1. La caminata al infierno (que tiene changuitos)
Todo empezó como cualquier jueves: yo caminando por la Avenida con la intención de comprar “un par de cosas” en el supermercado chino, que todos sabemos que es la peor mentira que uno puede decirse. Apenas doblé la esquina, me crucé con Marta, la barrendera oficial del barrio, en su tercer round contra la mugre. La veía venir: su escoba era un arma y sus palabras, metralla.
—¿Vos viste esto? —me dijo, señalando un envoltorio de alfajor aplastado—. ¡Esos pelotudos del kiosco tiran todo en mi vereda! Y ni hablemos de los pibes que hacen malabares en el semáforo… ¡Dejan los conos tirados como si esto fuera un depósito!
—Y bueno, Marta, ¡te mantenés activa! —intenté salvarme.
—¡Andá, mocoso, mejor comprate un jabón y lavate el culo, que seguro sos de los que dejan las botellas de birra tiradas!
Mientras intentaba esquivarla, escuché a “Marianito”, el viejo ladino del barrio, que estaba en su habitual puesto de observador de esquina, en pantuflas y con un mate que parecía decorativo.

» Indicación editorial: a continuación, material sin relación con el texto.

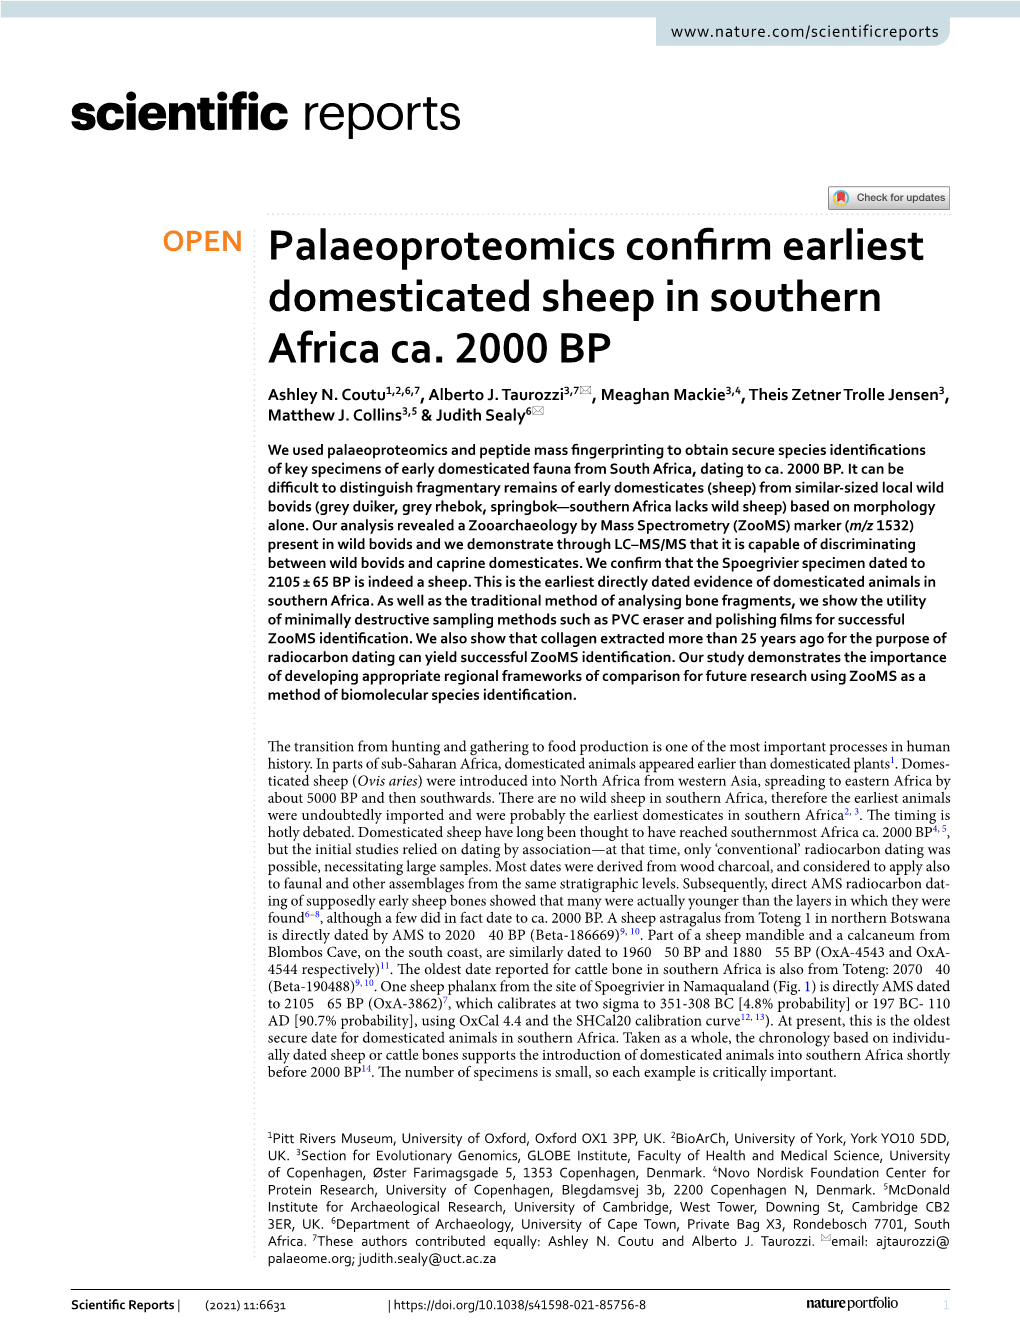 Palaeoproteomics Confirm Earliest Domesticated Sheep in Southern

—Ahí va la Marta, ¿eh? —me dijo con su voz cascada, mientras señalaba a una chica que paseaba un perro—. Che, ¿esa será la nieta del Cacho? Porque tiene un aire… ¡Aunque las piernas, mamita querida, esas piernas son de otra liga!
—Mariano, ¿qué hacés todo el día acá?
—¿Qué voy a hacer? Laburo de inspector barrial, pibe. Si no fuera por mí, esto sería Sodoma y Gomorra.
Seguí avanzando, intentando no imaginar qué significaba “laburo de inspector barrial”. Apenas crucé la avenida, casi me paso por alto a Fabiana y a su novia, Paola, que estaban discutiendo frente a un carrito de pochoclos como si fuera una asamblea parlamentaria.
—¡Te dije que no quiero más pochoclos en la casa, Fabiana! La última vez que hiciste pochoclos quemaste la olla y casi explotamos el departamento.
—¿Por qué tenés que exagerar siempre? ¡Era solo un poco de humo!
—¡Humo mis ovarios! Todavía huele a incendio en la cortina del baño.
Paola se fue, indignada, y Fabiana me saludó con una sonrisa nerviosa.
—Che, ¿vos sabés si el chino vende esas ollas que no se queman?
—Fabi, a vos no te salva ni una olla de titanio.
2. El desfile del supermercado
Entrar al chino es como sumergirse en el centro del drama barrial. En la primera góndola me topé con Diego y Fede, una pareja gay que parecían estar protagonizando un capítulo de “Separados”.
—Te dije que quiero comprar aceitunas rellenas, Diego.
—¿Y para qué? ¡Si después las dejás en la heladera y se ponen como una goma de borrar!
—¡Porque me gustan! Además, vos siempre comprás esa merluza congelada horrible y yo no digo nada.
—Claro, porque la merluza sirve para cocinar, no como tus aceitunitas de mierda.
El chino, que ya tenía la paciencia de un monje budista, les sonreía mientras pasaba una botella de salsa de soja por el scanner. Yo agarré un paquete de yerba y seguí rumbo a la sección de fiambres, donde una escena aún más teatral me esperaba.
Una señora gritaba como si estuviera en un talk show de televisión.
—¡Esto no es jamón, Juan, esto es plástico pintado! ¿Cómo me vas a vender esta basura?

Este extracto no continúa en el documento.